Donald was born in Newcastle upon Tyne in 1964. He attended West Jesmond Infant School (1969–1973), West Jesmond Junior School (1973–1975), Heaton Secondary School (1975–1980, comprehensive), and Newcastle College of Arts & Technology (1981–1983).

In 1976, Donald joined Newcastle’s People’s Theatre, training in theatre skills.

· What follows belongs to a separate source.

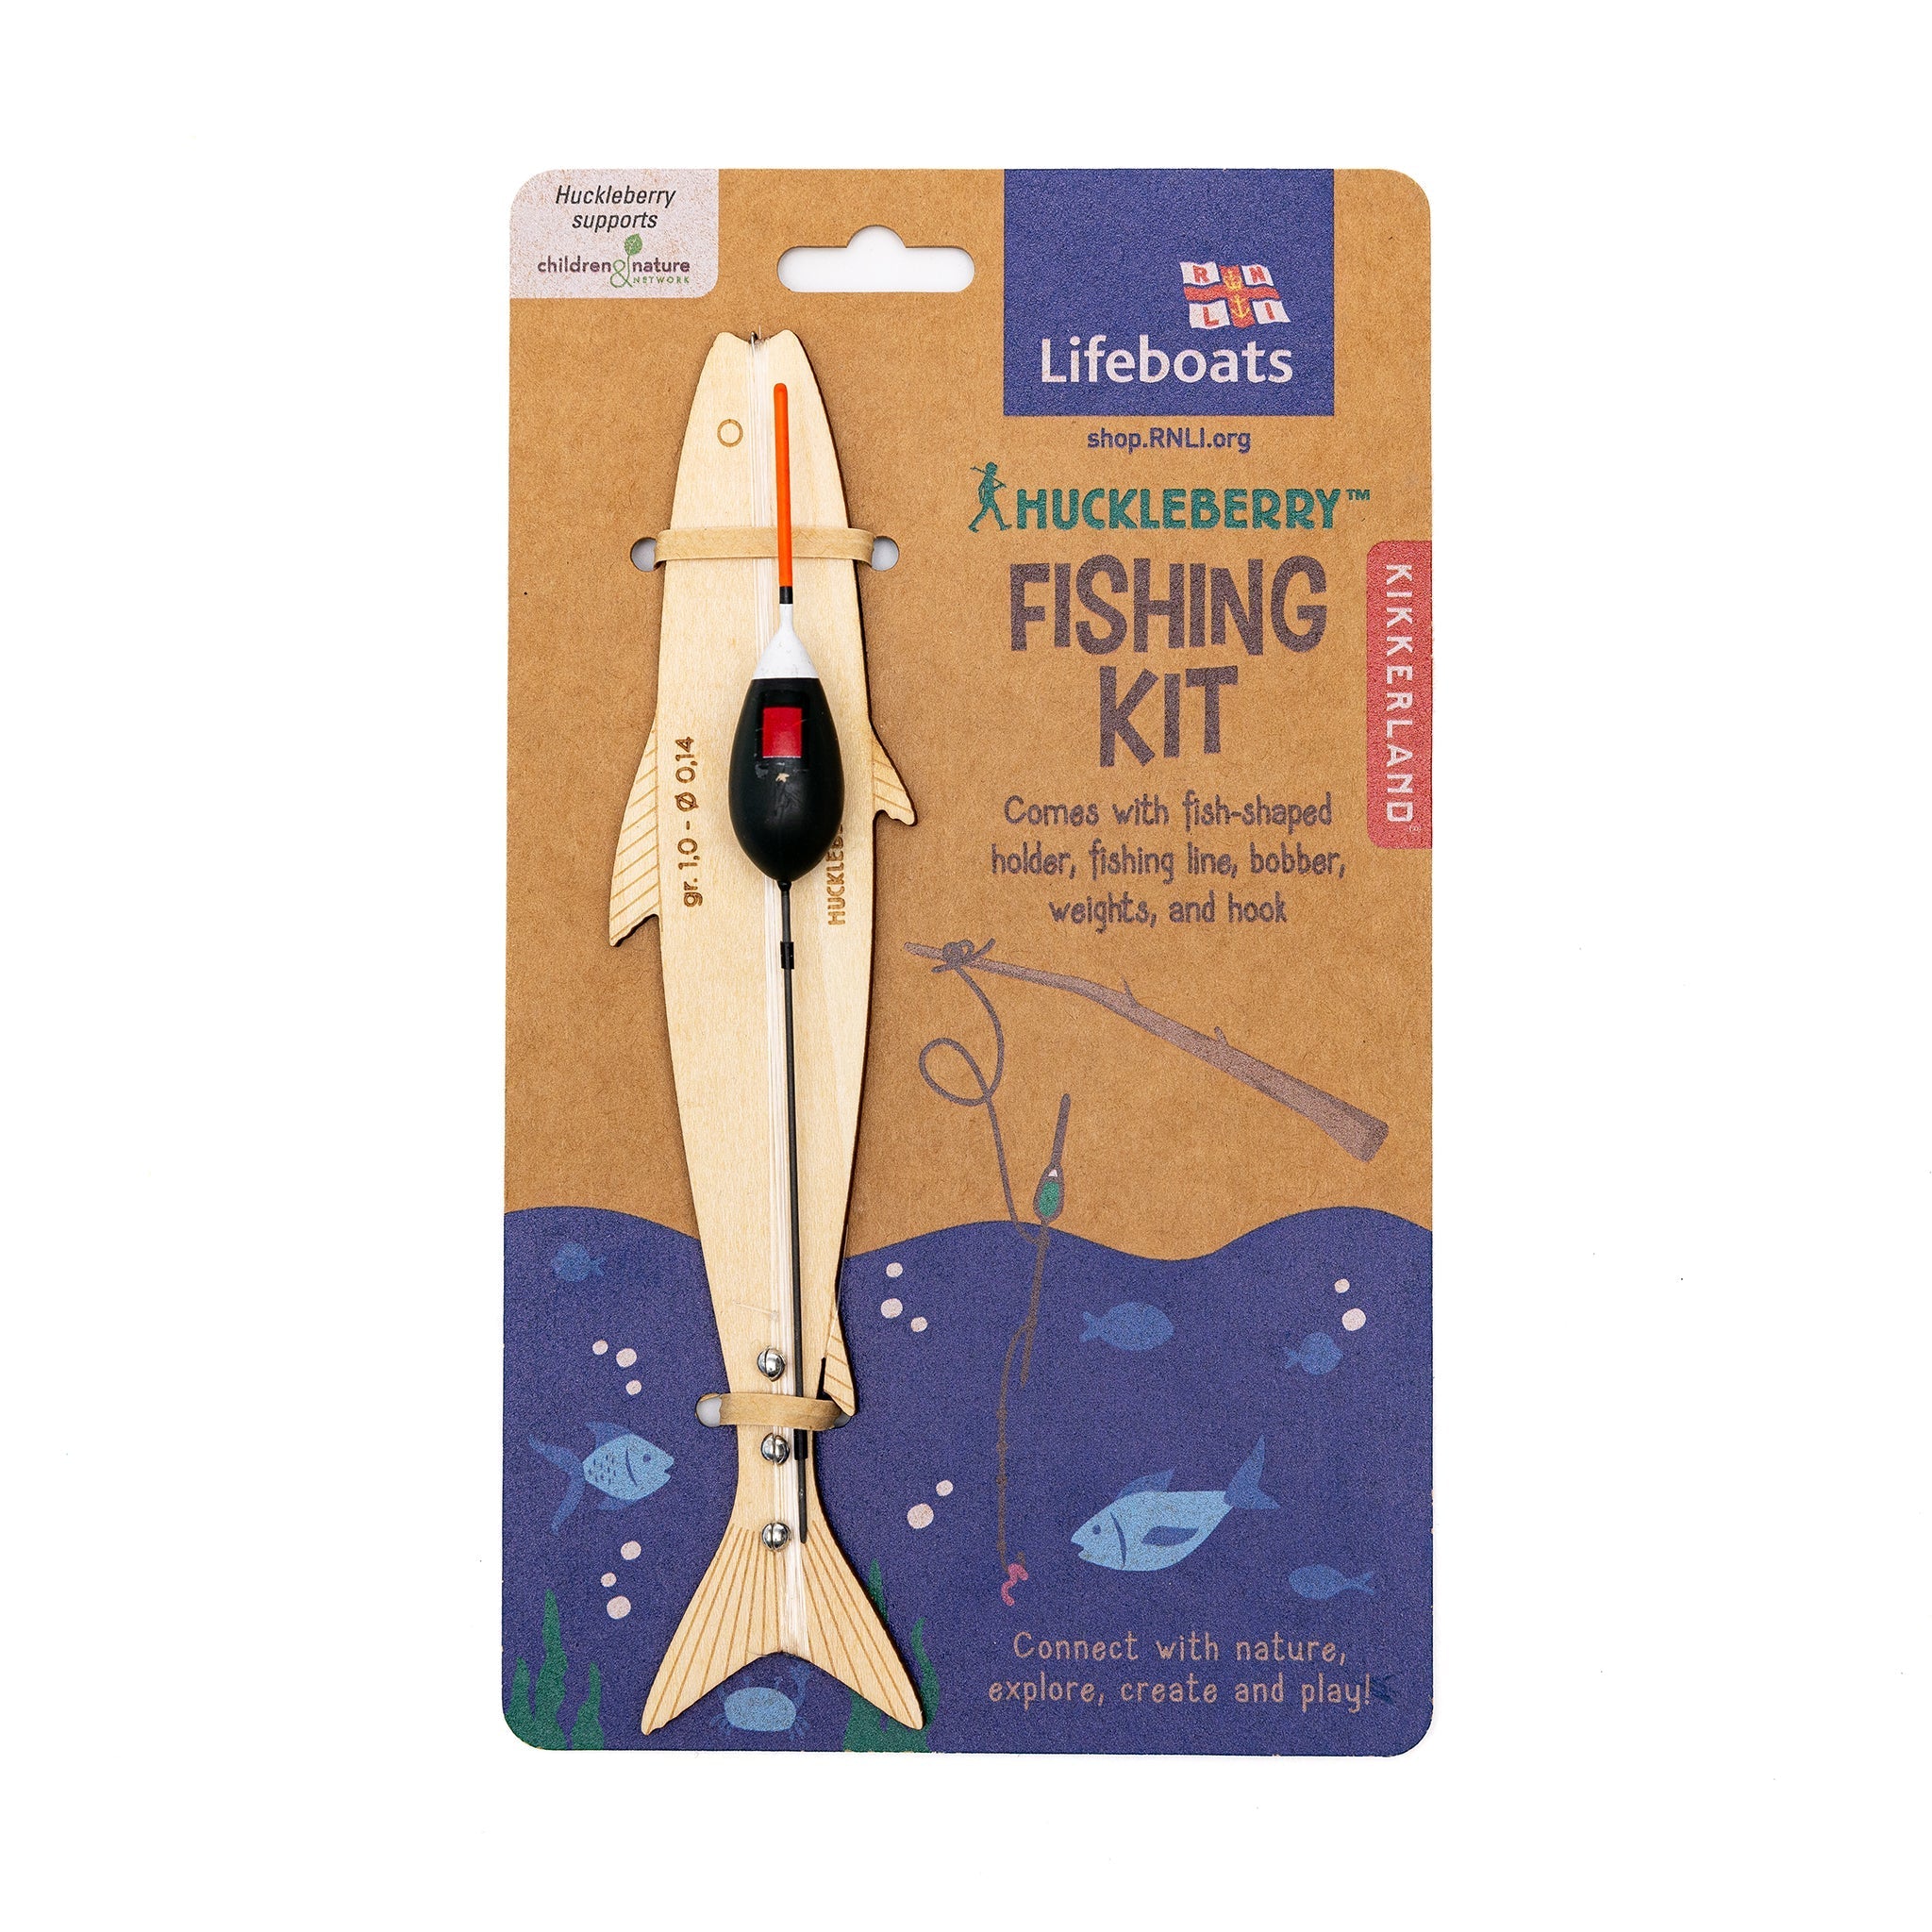 RNLI + Huckleberry Fishing Kit

He acted in several of the theatre’s Young People’s Theatre productions. He worked as assistant stage manager for the Royal Shakespeare Company on their People's Theatre visit in 1977. He also performed at the Gulbenkian Theatre. He left the People's Theatre in 1980.

Between 1981 and 1983, Donald acted as singer and lyricist for comedy rock band Johnny Shiloe’s Movement Machine. The band comprised Dave Rose (composition and drums), Paul Rose (guitar), and Gary Shaw (bass).

In 1981, Donald appeared in an episode of BBC Two’s Something Else programme. In 1983, he co-wrote and appeared in an episode Sparks, also on BBC Two.

He specialised as an antagonist on Carlton Television's live debate programmes in the early 1990s, and moved on to play important roles in the BBC’s I Love series and Channel 4’s 100 Greatest.

In 2004, he presented The Regionnaires, a six-part north-east regional panel show broadcast on ITV Tyne Tees, which he co-wrote with his former Viz partner Alex Collier.

In 2005, he met Hungover Stuntmen and in 2006 joined their management team. He became their sole manager in 2007. The band recorded an album in Ibiza, played the Ibiza Rocks festival two years running and appeared at Newcastle Arena with Paul Weller. His work with the band stopped when Simon became full-time caregiver for his eldest brother Steve, who was diagnosed with cancer in the summer of 2008, and died the following November.

==Stand-up comedy==
In 2005, Donald started performing stand-up comedy, initially working the circuit in Tyne and Wear, where he compèred both The Horse’s Mouth in Newcastle and Mack’em Laugh in Sunderland. After taking a break to care for his terminally ill brother, Donald returned to stand-up comedy, beginning to appear on stage as the characters he had previously talked about in his routine. He soon picked up representation by Off the Kerb, one of the largest producers and managers of comedy in the United Kingdom.

In the summer of 2009, Donald moved to London to work the city's comedy circuit. He continued to perform around the United Kingdom, including runs at the Edinburgh Festival Fringe in 2009 and 2010. He performed his Sold Out solo show in Newcastle. In 2012–13, he hosted spoof-panel show Fuckwits at The Stand Comedy Club in Newcastle.